This new textbook for students of social theory considers the role of public intervention in social and economic processes. It is a clear, critical discussion of different theoretical and political perspectives on social policy.
Barry Hindess begins with the 'consensus' view, shared by senior politicians, civil servants, and academics throughout much of the postwar period. This view depends on two beliefs: in the capacity of government to manage the economy; and in the development of a qualitatively new relationship between the state and the population. The first is discussed in relation to Crosland's The Future of Socialism, and the second in relation to Marshall's conception of citizenship and Titmuss's account of social policy.

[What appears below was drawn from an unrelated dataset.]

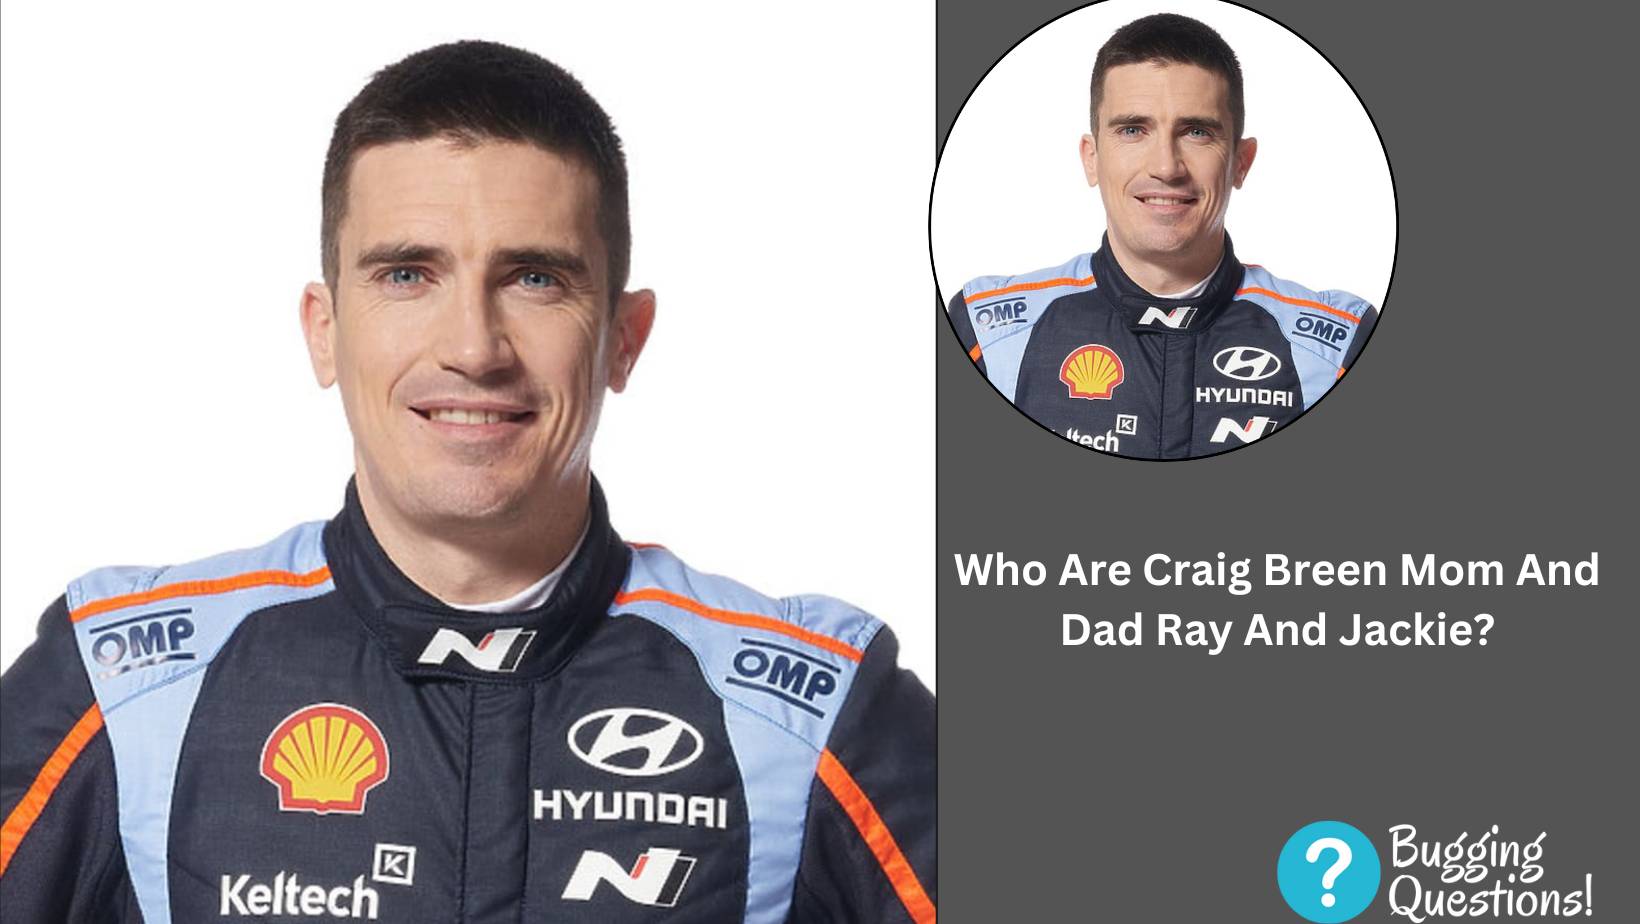 Who Are Craig Breen Mom And Dad Ray And Jackie?

The consensus view generated serious objections, and Hindess examines two in particular. One is the argument that the view itself causes a destructive, competitive struggle between sectional interests for state intervention in their favour. The other, from the left, is that what Tawney called 'the strategy of equality' has failed, and that a more radical attack on inequality is required.
The remaining section looks at the Marxist and liberal alternatives to the consensus view. In conclusion, the author discusses firstly the essentialism of the market both in consensus and (in very different ways) in liberal and Marxist thought; and secondly the place of principles such as freedom and equality in political discussion and the analysis of social conditions. He shows that market and plan are not necessarily incompatible.
Freedom, Equality, and the Market, with its careful assessment of the key texts, will be important reading for undergraduate students of sociology and social policy.